This is how the replace method goes:

textVariableReplaced = textVariable.replace(/(^.*[a-zA-Z0-9]) ([a-zA-Z\/\('"].*$)/gm, '$1($2)');

This is the regex (^.*[a-zA-Z0-9]) ([a-zA-Z\/\('"].*$).

This regex should take letter or number([a-zA-Z0-9]), followed by a single space () (), then any text till the end of the line, that starts with a letter or ' or " or ( or / ([a-zA-Z\/\('"].*$).

This operation gives the following result:

if(firstVar == 'string')
    alert(firstVar)
    alert('string')

console.log 'string multiple(words')
console.log 'string multiple words, then(variable' + secVar)
console.log firstVar + 'variable, then string multiple(words')
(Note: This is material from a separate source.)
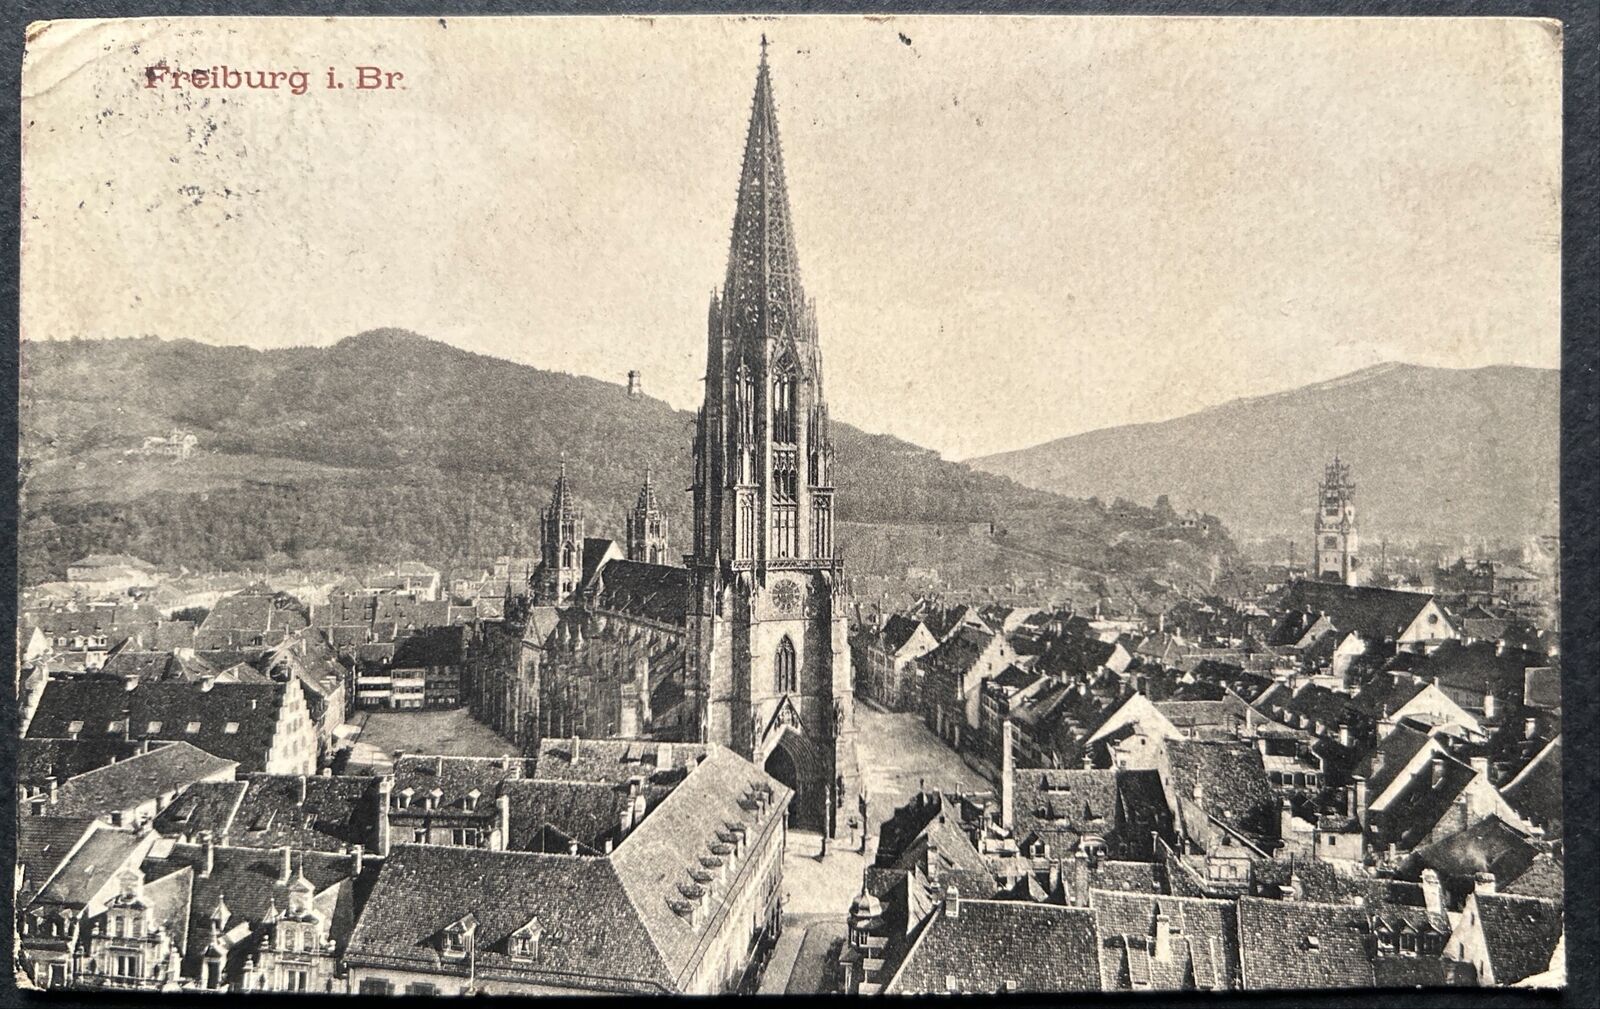 Freiburg im Breisgau, Germany 1912, Cityscape/Cathedral, Posted Freiburg

Everything is perfect, except for the last lines.

The replace function should not put parentheses around the part of the text that contains an odd amount of quotation marks (' or "). So that the three last lines looked like this:

console.log('string multiple words')
console.log('string multiple words, then variable' + secVar)
console.log(firstVar + 'variable, then string multiple words')

Edit:

I have found this link to find out, whether the amount of characters is even or odd: How do you match even numbers of letter or odd numbers of letter using regexp for mysql

Edit 2:

Using the provided example in the link above I am trying to put ('')+ within the regex.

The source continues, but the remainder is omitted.